Axonal trajectories of posterior canal-activated secondary vestibular neurons and their coactivation of extraocular and neck flexor motoneurons in the cat

Summary Unit activities of 148 secondary vestibular neurons related to the posterior semicircular canal were recorded extracellularly in anesthetized cats. Axonal projections of these neurons were examined by their antidromic responses to stimulation of the excitatory target motoneurons of the contralateral (c-) inferior rectus muscle (IR) and bilateral (bi-) motoneuron pools of longus capitis muscles, neck flexors, in the C₁ segment (C₁LC). The neurons were classified into 4 groups according to their axonal projections.
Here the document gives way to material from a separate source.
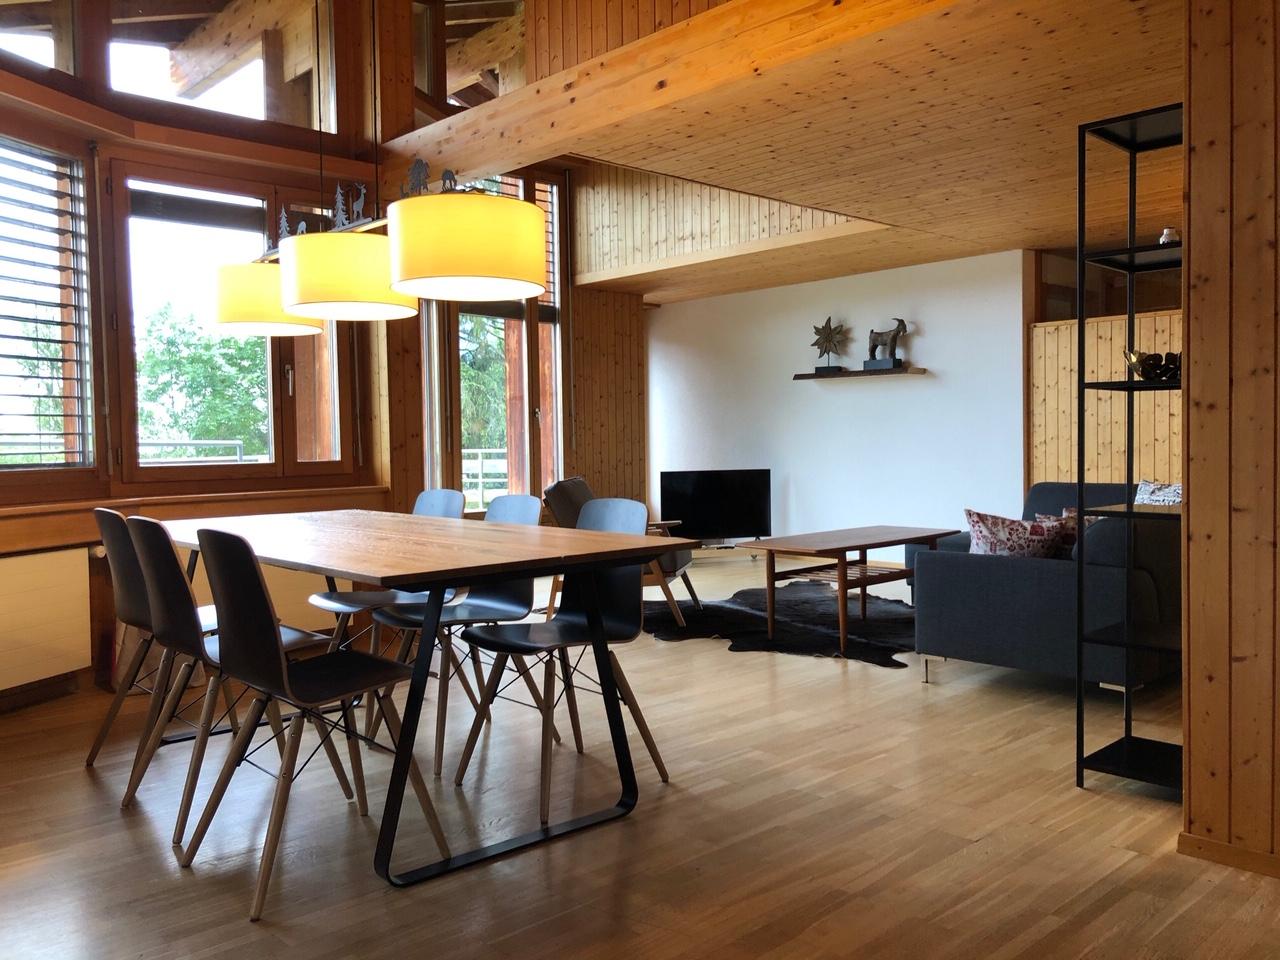 Neu eingerichtete Ferienwohnung für bis zu 6 Personen zu vermieten

The first group of neurons, termed vestibulo-oculo-collic (VOC) neurons, sent axon collaterals both to the c-IR motoneuron pool and to the c-C₁LC motoneuron pool. The majority of them (72%) were located in the descending nucleus. The second group of neurons were termed vestibuloocular (VO) neurons and sent their axons to the c-IR motoneuron pool but not to the cervical cord. Most of them (86%) were located in the medial nucleus. The third group of neurons, termed vestibulo-collic (contralateral) (VCc) neurons, sent axons to the cC ₁LC motoneuron pool via the contralateral ventral funiculus but not to the oculomotor nuclei. They were mostly (75%) found in the descending nucleus. The last group of neurons were vestibulo-collic (ipsilateral) (VCi) neurons, which gave off axons to the ipsilateral (i-) C₁LC motoneuron pool via the ipsilateral ventral funiculus but not to the oculomotor nuclei. One of them also sent an axon collateral to the c-C₁LC motoneuron pool. The majority of them (74%) were located in the ventral part of the lateral nucleus. It was also observed in some of the VOC and VCi neurons that they produced unitary EPSPs in the c-C₁LC and i-C₁LC motoneurons, respectively. Their synaptic sites were estimated to be on the cell somata and/or proximal dendrites of the motoneurons.     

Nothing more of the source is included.